Niezrównoważony Francuz wjeżdża ciężarówką w tłum. Tratuje wszystkich na swojej drodze, krzycząc „Allahu Akhbar”. W sumie giną 84 osoby. Według unijnych decydentów ten zamach nie ma nic wspólnego z islamem


Niezrównoważony Francuz wjeżdża ciężarówką w tłum. Tratuje wszystkich na swojej drodze, krzycząc „Allahu Akhbar”. W sumie giną 84 osoby. Według unijnych decydentów ten zamach nie ma nic wspólnego z islamem

Nicea, 14 lipca. Narodowe święto Francji. Promenada nad morzem. Wszędzie świętujący ludzie – kobiety, dzieci, gęsty tłum. W ten tłum wjeżdża ciężarówka. Prowadzi ją, według wszelkich oficjalnych informacji, niezrównoważony Francuz. Fakt, że jest on z Tunezji i posiada tunezyjski paszport, a we Francji tylko prawo pobytu – to nieistotne, to przypadek. Nieistotne jest też, że jest on muzułmaninem. To nie ma nic wspólnego z niczym. A zwłaszcza z islamem.

Niezrównoważony Francuz wjeżdża ciężarówką w tłum. Ludzie z krzykiem się rozbiegają. Kierowca tratuje wszystkich na swojej drodze, skręca, zygzakuje, stara się trafić w kogo się da. Za ciężarówką biegną policjanci, ale nie strzelają. W pewnym momencie ktoś zdesperowany z tłumu wskakuje do ciężarówki i stara się kierowcę zatrzymać. Ale nawet wtedy, według świadków naocznych, policjanci nie strzelają. Czekają aż niezrównoważony Francuz sięgnie po broń. Dopiero widząc ten ruch strzelają do niego. Tylko że w tym momencie mamy już 84 osoby zabite i setki rannych.

To nie ma nic wspólnego z islamem. Uwaga, powtórzę jeszcze raz, proszę zapamiętać: to nie ma nic wspólnego z islamem. Co z tego, że niezrównoważony Francuz był z Tunezji i miał tunezyjski paszport? Co z tego, że krzyczał „Allahu Akhbar”? A może wcale nie krzyczał? Nie wszyscy to słyszeli. Dokoła było też pełno innych odgłosów – warkot ciężarówki, fajerwerki, krzyki rannych i umierających. A może i krzyczał, ale to wszystko jego okrzyki zagłuszyło. Czy może nie okrzyki, lecz tylko jeden okrzyk. Ale może w ogóle nie krzyczał „Allahu Akhbar” tylko coś innego? No bo dlaczego właściwie miałby coś takiego krzyczeć? Był muzułmaninem, ISIS określił go w komunikacie jako swojego „żołnierza”, ale jego ojciec – należący do tunezyjskiej islamistycznej partii, ale to oczywiście zupełnie tu nieistotne – mówił, że syn nie chodził do meczetu, albo nie tak często, jak był powinien.
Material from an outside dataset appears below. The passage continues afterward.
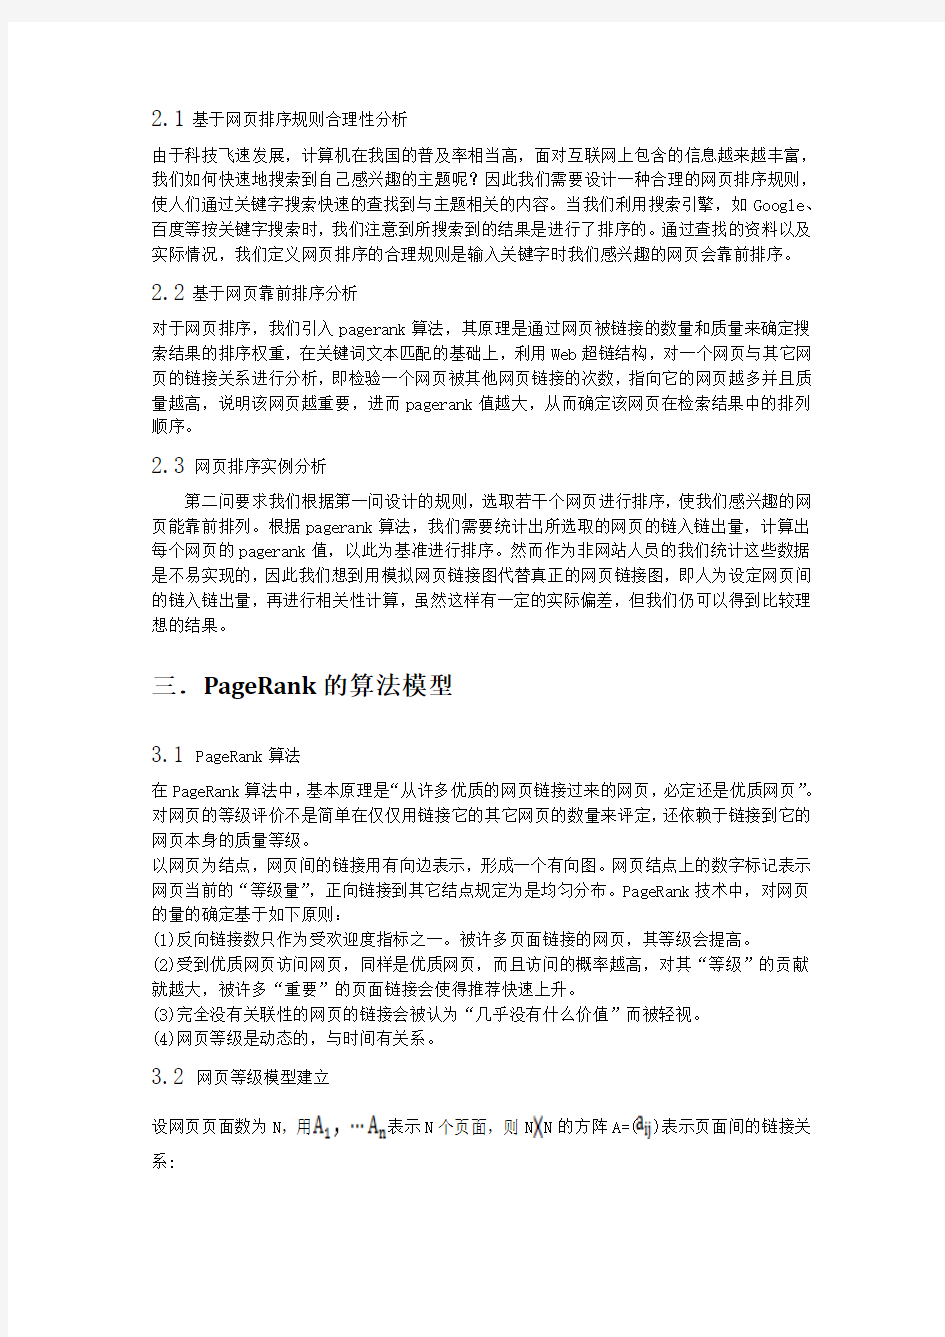 4 PageRank算法

I że w ogóle nie był muzułmaninem, a w każdym razie nie tak gorliwym, jakim powinien był być.

Zupełnie jak Omar Mateen, który zamordował pięćdziesiąt osób w klubie gejowskim w Orlando. On też był niezrównoważony, też ponoć bił swoją żonę. Jego ojciec też twierdził, że choć syn był muzułmaninem, jego czyn nie miał nic wspólnego z islamem. Niezrównoważony był też morderca dziewięciu ludzi w centrum handlowym w Monachium. Też działał sam i też nie miał nic wspólnego z islamem. Może miał, może nie miał, ale zadziwiające jest, że gdzie się nie spojrzy, zwłaszcza gdy trup ściele się gęsto, nikt nigdy nie ma nic wspólnego z islamem.
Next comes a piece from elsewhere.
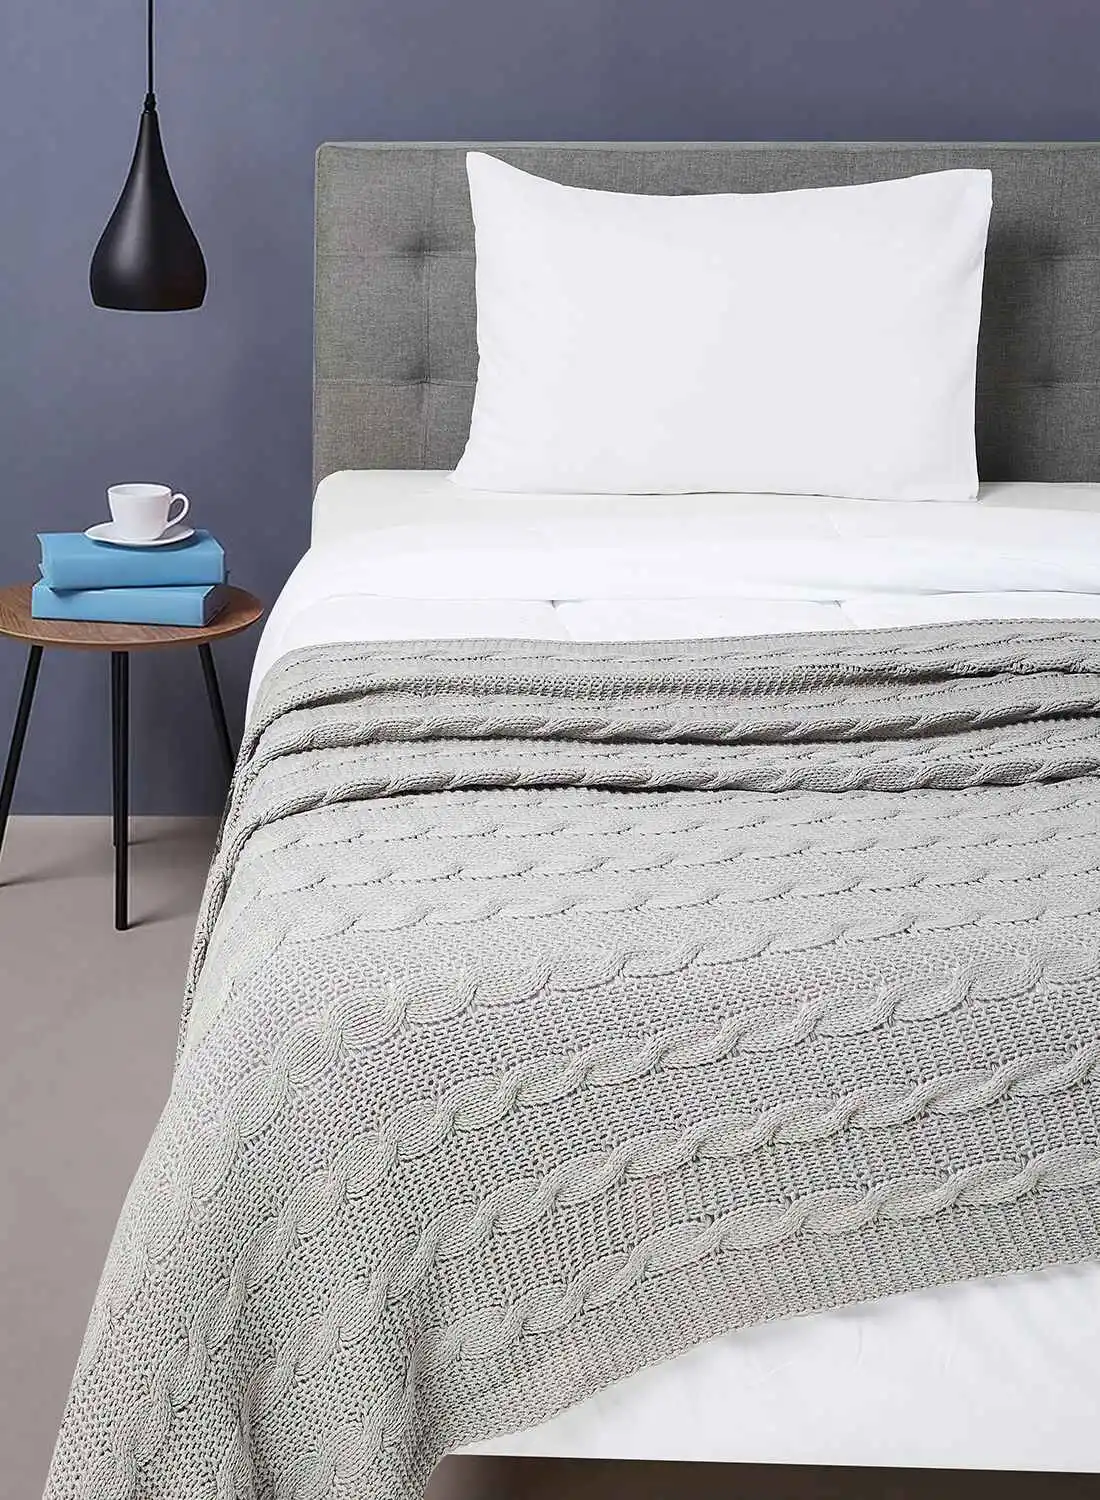 noon east Lightweight Summer Blanket Queen Size 400 GSM Soft Knitted All Season Blanket Bed And Sofa Throw 150x200 cms Grey

Przypomina mi się piękny dwuwiersz autorstwa (chyba) Romana Zimanda. Brzmiał on:

Po ulicy sobie tuptam,

Patrzę: trup tu, patrzę: trup tam.

Można by dodać:

Trupów coraz więcej, ale

Islam winien nie jest wcale.

Innymi słowy, nadal – powtórzmy chórem – nic się nie zmieniło. Paryż, znów Paryż, Bruksela, Nicea, Orlando – to wszystko z islamem nie ma absolutnie nic wspólnego. Podobnie zresztą jak w Izraelu, gdzie wjeżdżanie w ludzi ciężarówkami, samochodami, czym się da, jest od wielu lat jednym z ulubionych „sportów” palestyńskich terrorystów (w ciągu ostatniego roku było kilkadziesiąt takich ataków). I choć od zawsze ci ostatni przodowali w najnowszych technikach terroryzmu i byli często później naśladowani gdzie indziej, to według niedawno sporządzonego raportu Unii Europejskiej na temat Izraela, i podpisanego przez prawie wszystkie kraje UE, kwestia naśladownictwa jest tu zupełnie nie na miejscu. A to dlatego, że ataki te nie mają nic wspólnego z terroryzmem, ani tym bardziej z islamem. Są, według raportu, naturalnym skutkiem izraelskiej „okupacji” i wynikającej z niej palestyńskiej „frustracji”. Poza tym Izraelczycy bezkarnie i niepotrzebnie tych sfrustrowanych Palestyńczyków zabijają (zamiast na przykład z nimi dialogować i przyjaźnie do nich przemawiać), używając przy tym <<niewspółmiernej siły>>. Dlatego właśnie, według unijnego raportu, w Izraelu jest tak mało ofiar tych ataków. Mała liczba ofiar świadczy bowiem – jakże by inaczej – o obecności regularnie pojawiającej się w każdym unijnym lub ONZ-owskim raporcie na temat Izraela (ale, co znamienne, nie o żadnym innym kraju), ulubienicy pani Margot Wallström: <<niewspółmiernej sile>>. Nawiasem mówiąc, zastanawia się człowiek, na czym polegałaby zadowalająca byłą unijną komisarz, Unię i ONZ siła współmierna do pędzącej z morderczym zamiarem ciężarówki?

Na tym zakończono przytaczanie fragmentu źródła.